但他怀里的温度正在流逝。那具本就单薄的身躯,正在以肉眼可见的速度变得透明,仿佛下一秒就会化作无数光点,消散在这片刚刚经历过浩劫的虚空之中。
“钟涣。”裴晏的声音很轻,带着他自己都没有察觉到的颤抖,“钟涣,你看着我。”
钟涣抬起头。
那张苍白的脸上,依旧挂着那个虚弱的笑容。他的眼神已经开始涣散,却还是努力聚焦在裴晏脸上,仿佛要将这张面容刻进灵魂深处——如果他的灵魂还能留存的话。
“别……别这副表情。”他的声音沙哑得几乎听不清,“我还没死呢。
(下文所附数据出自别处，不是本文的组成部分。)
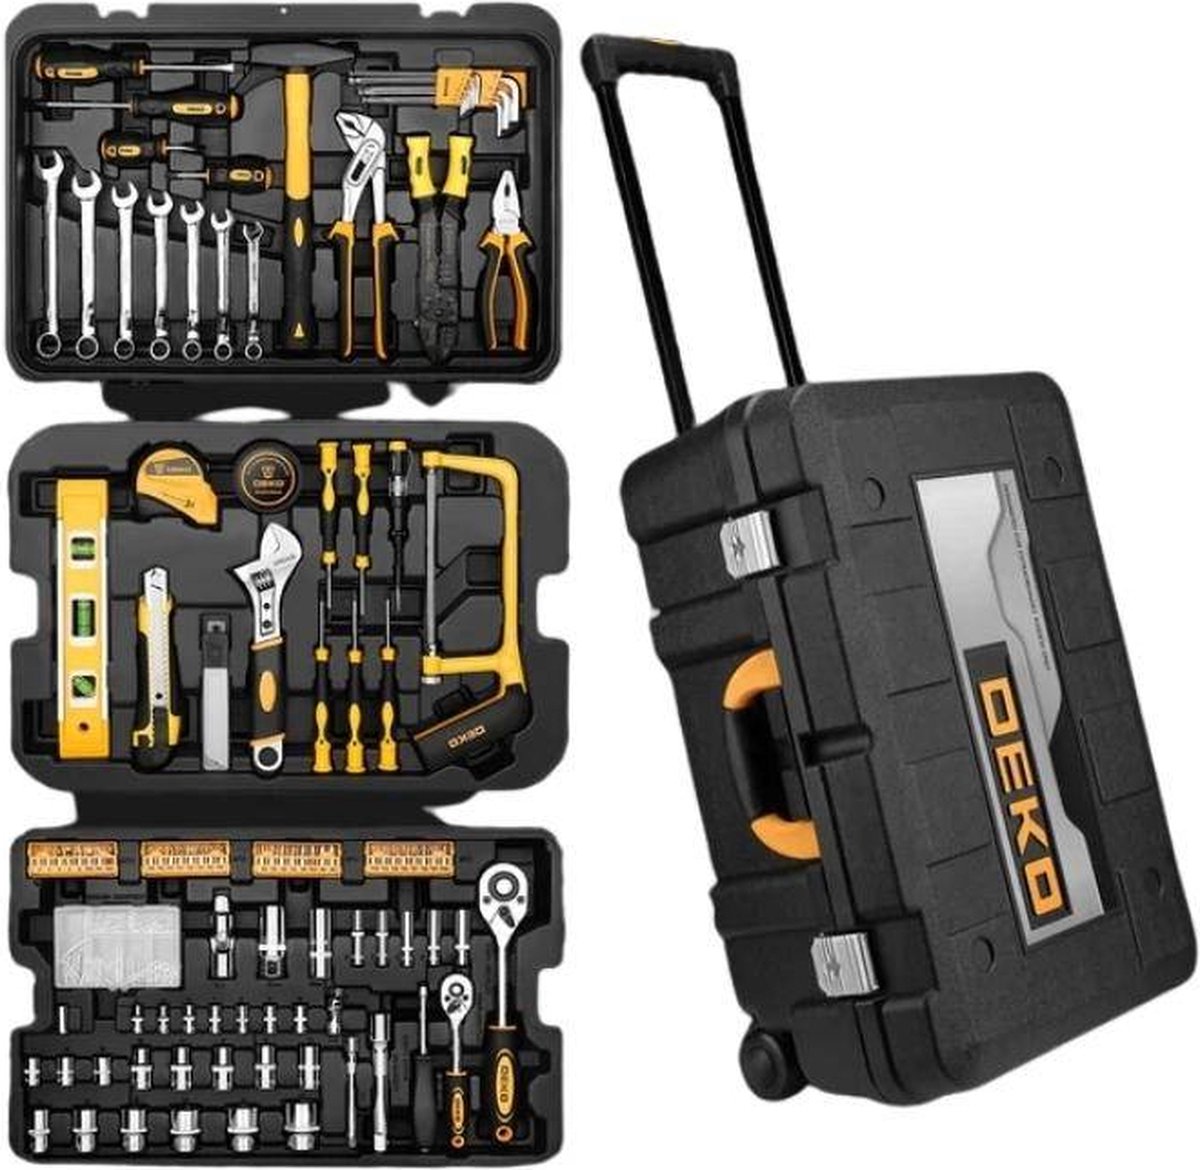 Deko Tools Jeu d'outils à main DKMT258, 258 pièces | bol.com
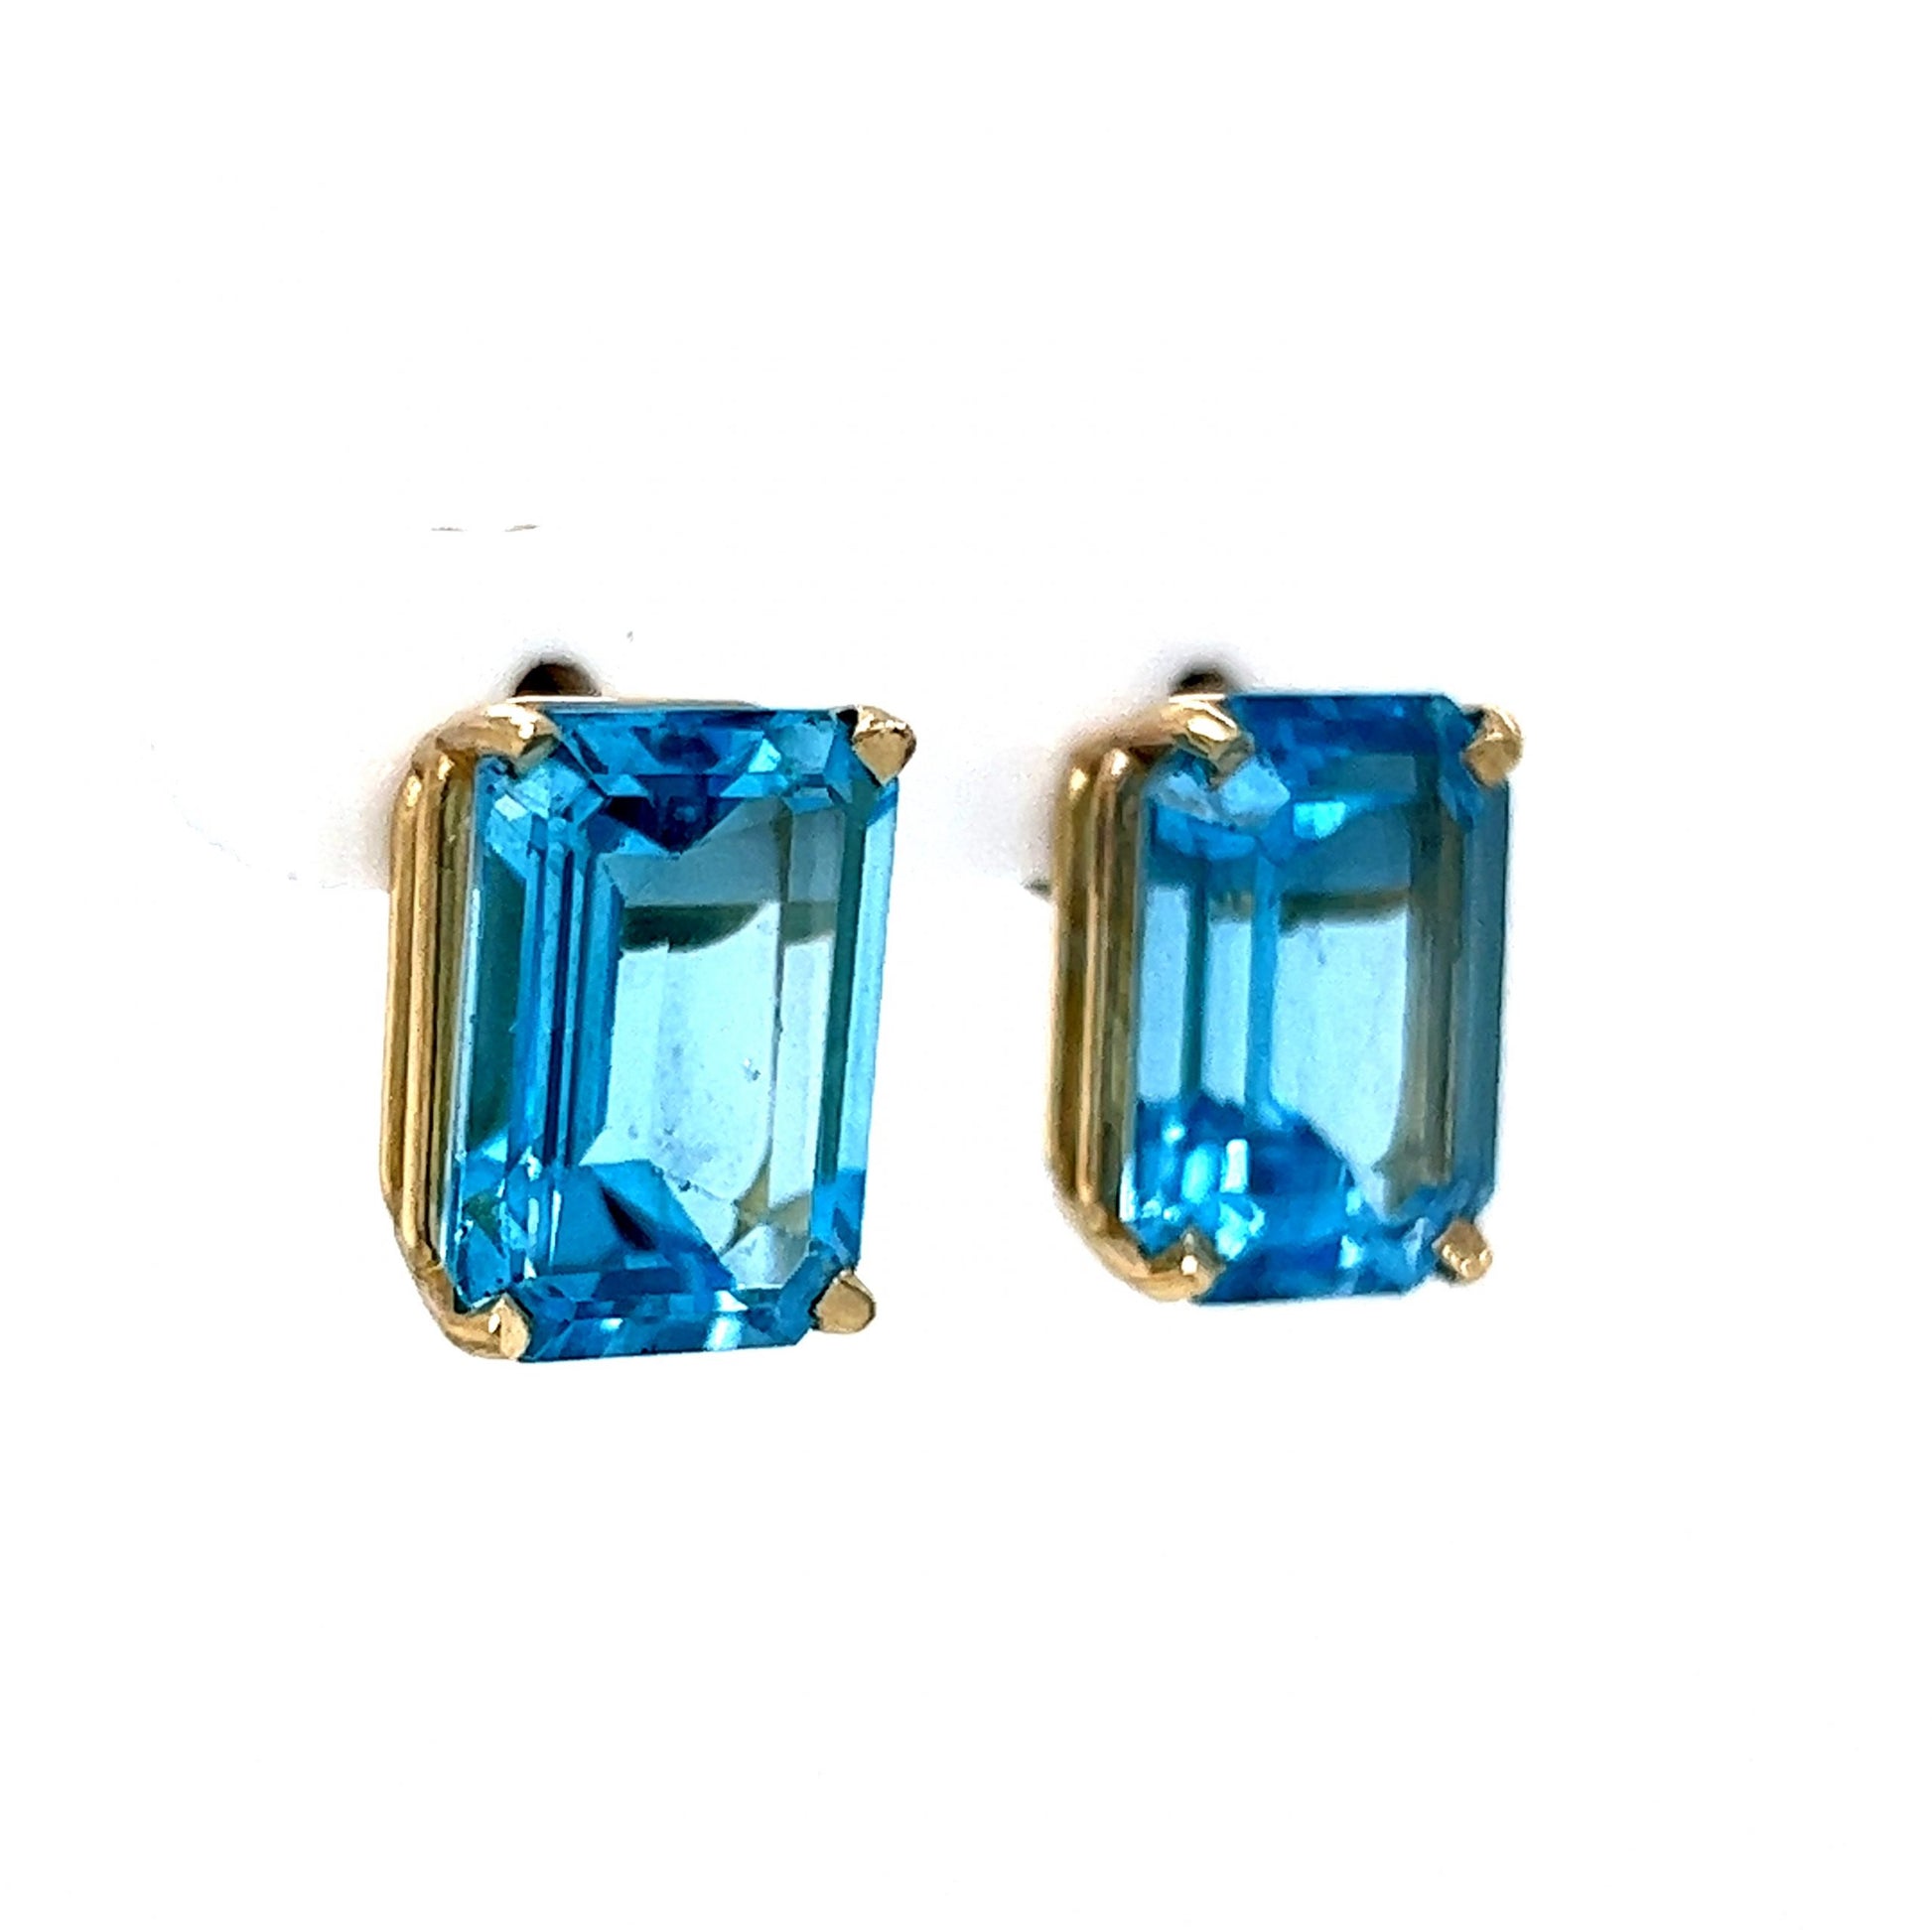 Large Emerald Cut Blue Topaz Earrings in 14k Yellow Gold

”
裴晏没有说话。他只是将人抱得更紧,仿佛这样就能阻止那正在发生的崩解。
但没用。
钟涣的指尖已经开始化作细碎的光点,如同星尘般飘散。那些光点落在裴晏的衣襟上,落在两人交握的手上,落在脚下银色的光海中,瞬息湮灭。
“不……”裴晏的声音第一次出现了裂痕,“不行。你不能——”
“裴晏。”
钟涣的手抬起,轻轻覆在他的唇上。那只手已经透明了大半,但触碰的感觉依旧温热,带着裴晏熟悉的温度。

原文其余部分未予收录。